Below is an article I recently wrote for Helium.com. What decade did you grow up in? Do you get nostalgic when you hear certain tunes on the radio? Does a certain smell trigger a childhood memory?
I'd love to hear your own experiences........Singing the theme to Rainbow Brite whilst cycling down the road on my BMX bike, side ponytail swinging in the breeze, and knowing that when I got home I’d be having something cool to eat for dinner, courtesy of the new, brown, room-sized microwave my Father had just spent a months wages on.
The Eighties even now conjure up images of large shoulder pads, big hair, wacky TV shows and the best music I’ve ever heard. Sound familiar, well of course it does. The eighties were so damn popular that we are now seeing all of these things again, big hair is back with a vengeance and shoulder pads have been making regular appearances on the catwalk. My little sister who is 15 years my junior has hair Joan Collins would have been proud of, but something’s different. Where’s the carefree air of the eighties gone?
If like me, you share a deep love of all things eighties, then you’ll understand that unless you were there you’ll never experience anything like it again. It’s all about nostalgia.
Did you dance to wham and eat pop-tarts? I sure did and my little sister does the same now. The difference is though, that now we’re all pretty aware of the fact that none of us are ever going to marry George Michael (No matter how pretty we are) and we’re also painfully aware that the pop-tarts you buy now have none of those lovely additives they did in the eighties.
We used to play ‘computer games’ on our spectrum computer and later on a commodore 64, both of which were loaded on a cassette tape and took at least half and hour to get going. The high pitched loading sound that came from the tape deck still echoes in my brain all these years later. How things have changed. Nintendo wii, playstation, nintendo ds & xBoxes would have all have seemed like space-age nonsense.

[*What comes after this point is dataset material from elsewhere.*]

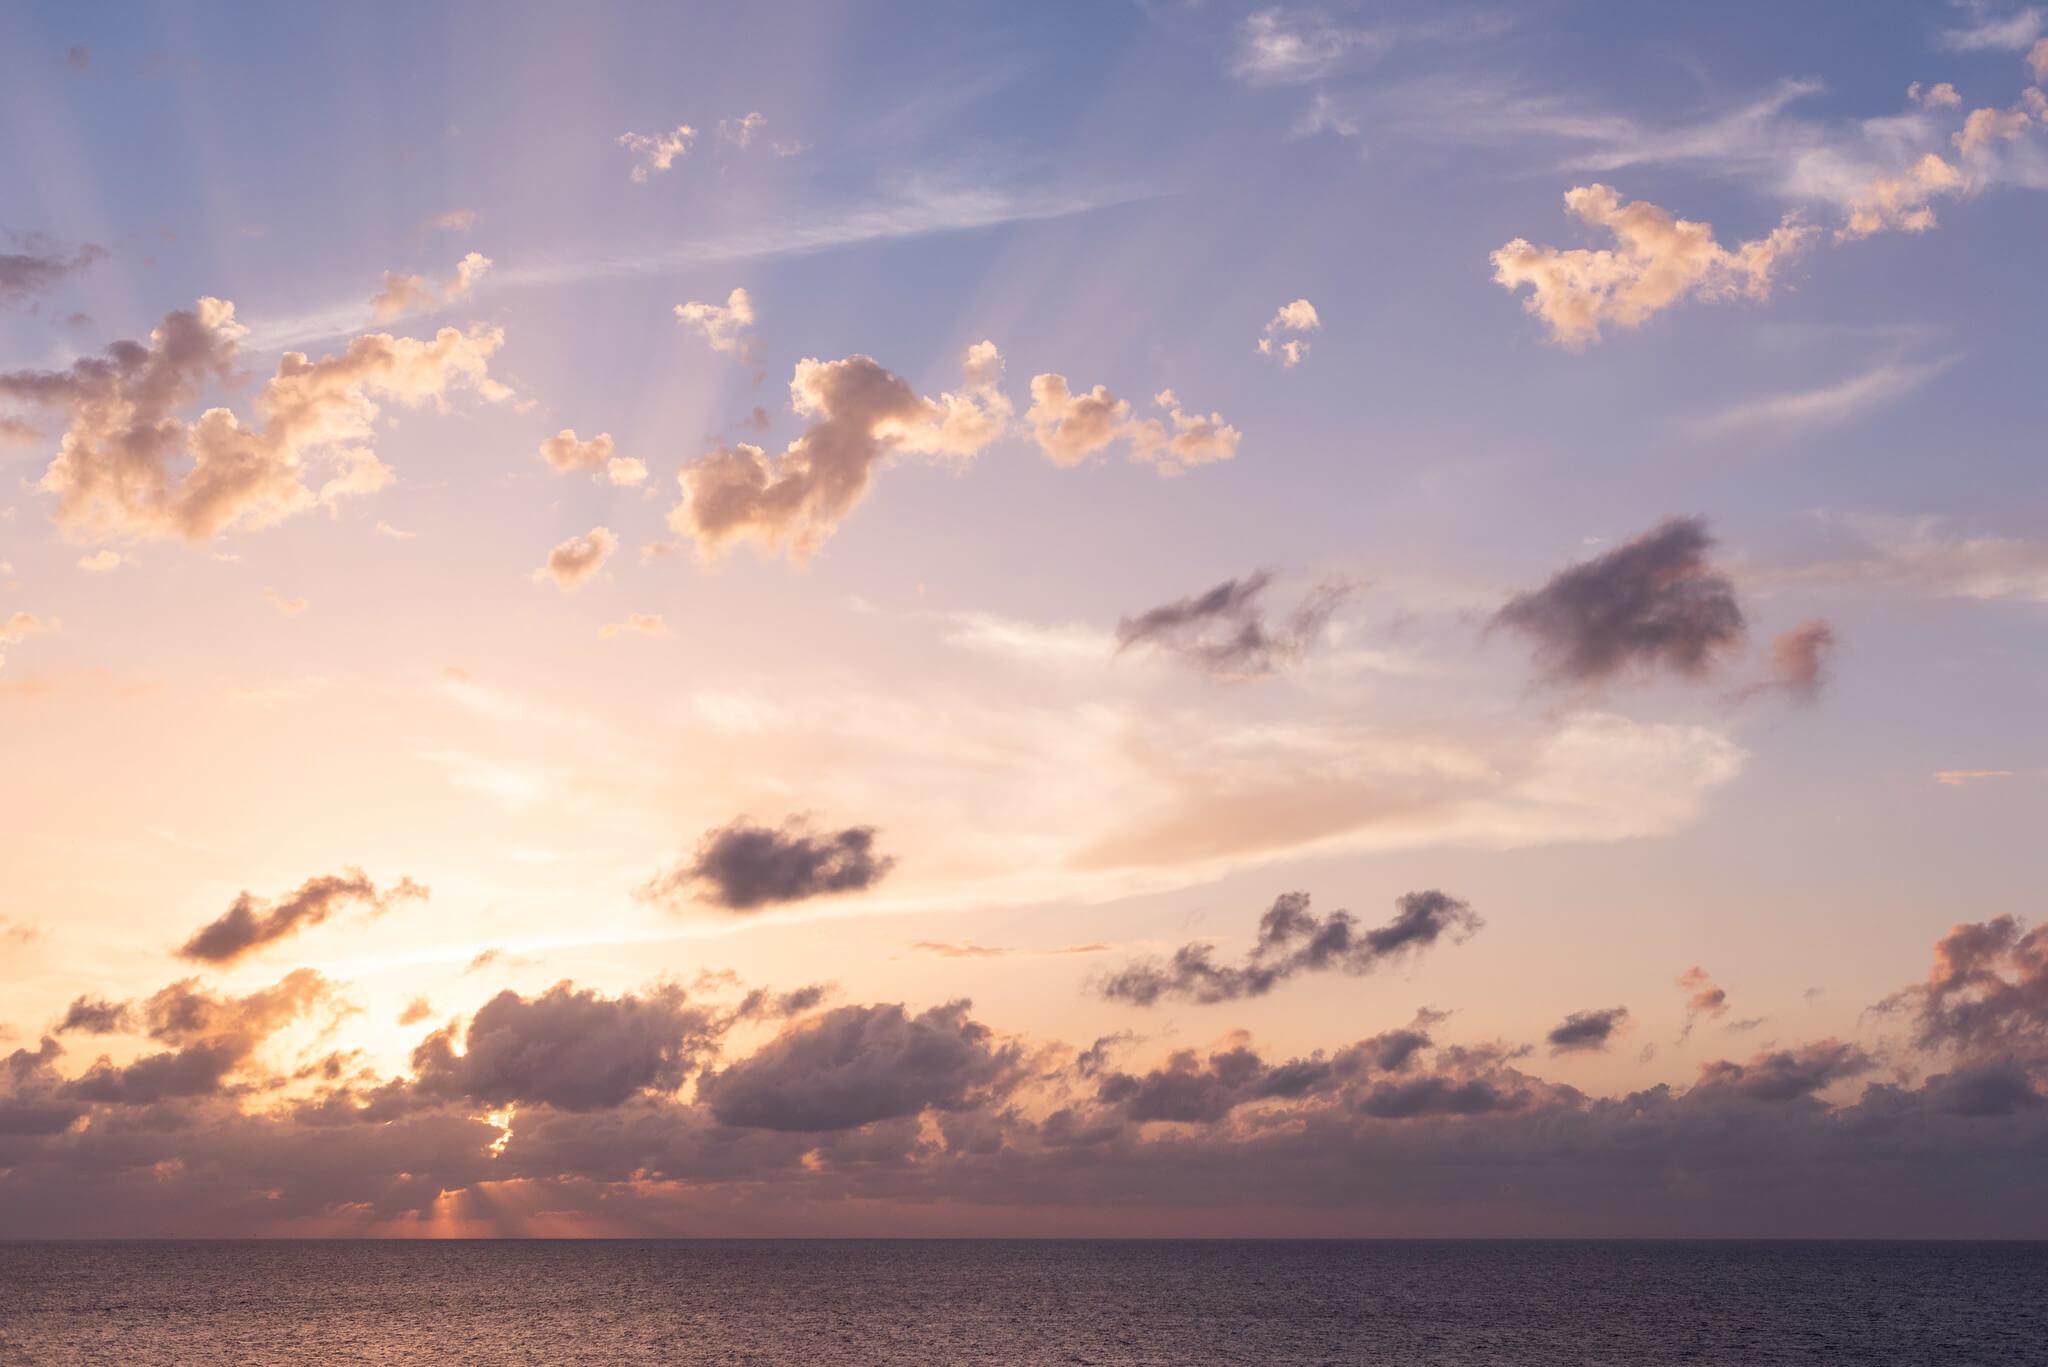 https://www.white-ibiza.com/wp-content/uploads/2020/03/ibiza-sunsets-la-torre-ibiza-2020-02.jpg
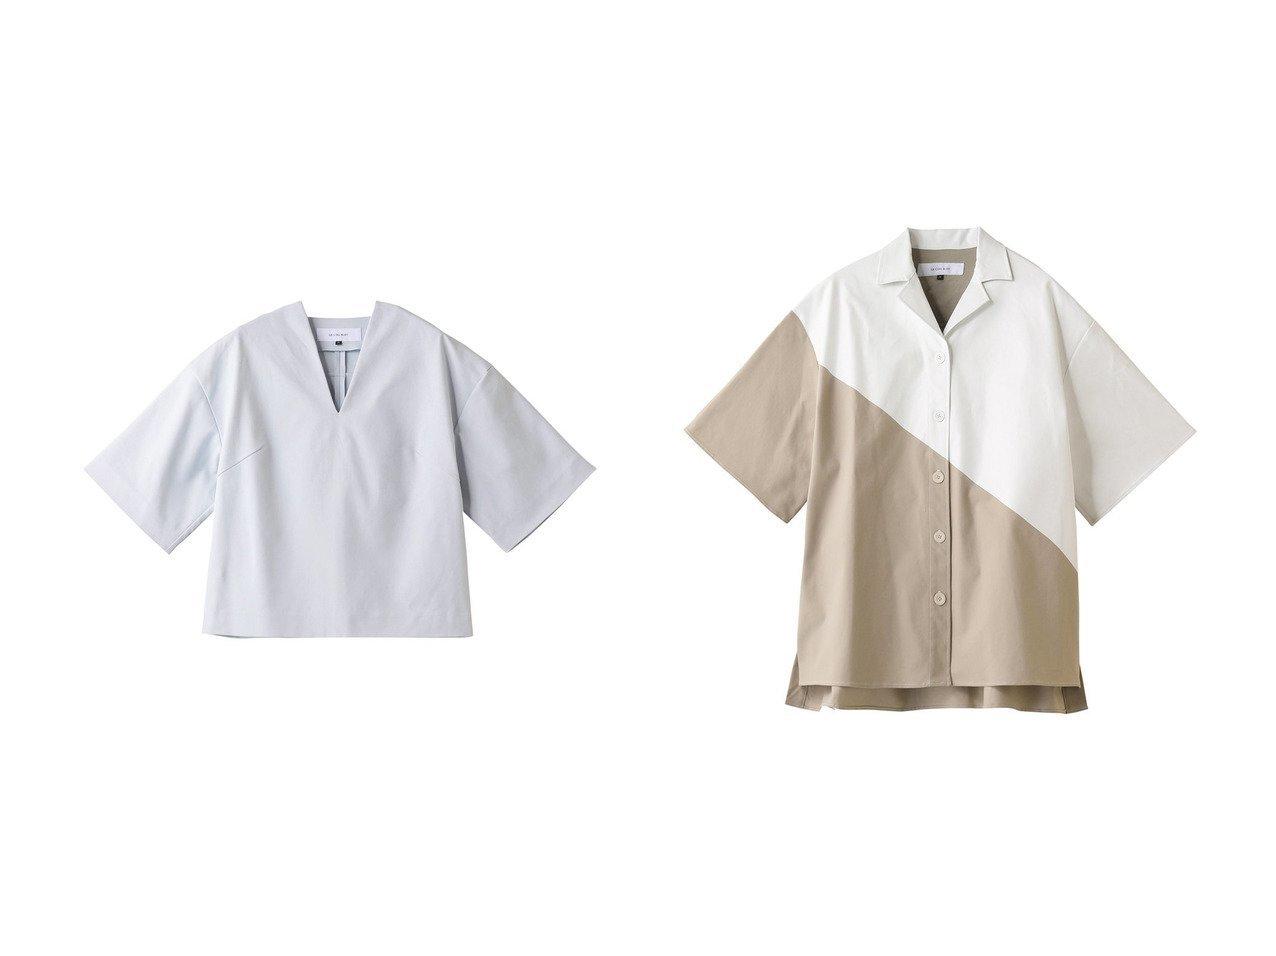 【LE CIEL BLEU/ルシェル ブルー】のフォームドVネックシャツ&ホワイトプリンテッドシャツ 【トップス・カットソー】おすすめ!人気、トレンド・レディースファッションの通販  おすすめで人気の流行・トレンド、ファッションの通販商品 メンズファッション・キッズファッション・インテリア・家具・レディースファッション・服の通販 founy(ファニー) https://founy.com/ ファッション Fashion レディースファッション WOMEN トップス・カットソー Tops/Tshirt シャツ/ブラウス Shirts/Blouses Vネック V-Neck おすすめ Recommend ショート シンプル スタイリッシュ スリーブ デコルテ リラックス |ID:crp329100000034082

Mobile phones were something we did aspire to though. If you had a mobile phone, then you were ‘someone’. You had money and the size of your phone told everybody exactly that. You carried it around in it’s own bag, that now a modern day laptop would fit in. I can only imagine the muscles that were built lifting those huge monstrosities to your ear.
Growing up in the eighties for me was a fun time with friends. Playing out on the street until after the sun went down, with no worries. Front doors open and virtually no traffic on the roads. Long hot summers, ice-pops with so many e numbers that you had a permanently discoloured tongue. Madonna at her best and no sign of Simon Cowell on the box. Grandparents who we thought would be around forever and people in their 30’s who seemed positively ancient.
Was it the eighties though, or was it just growing up?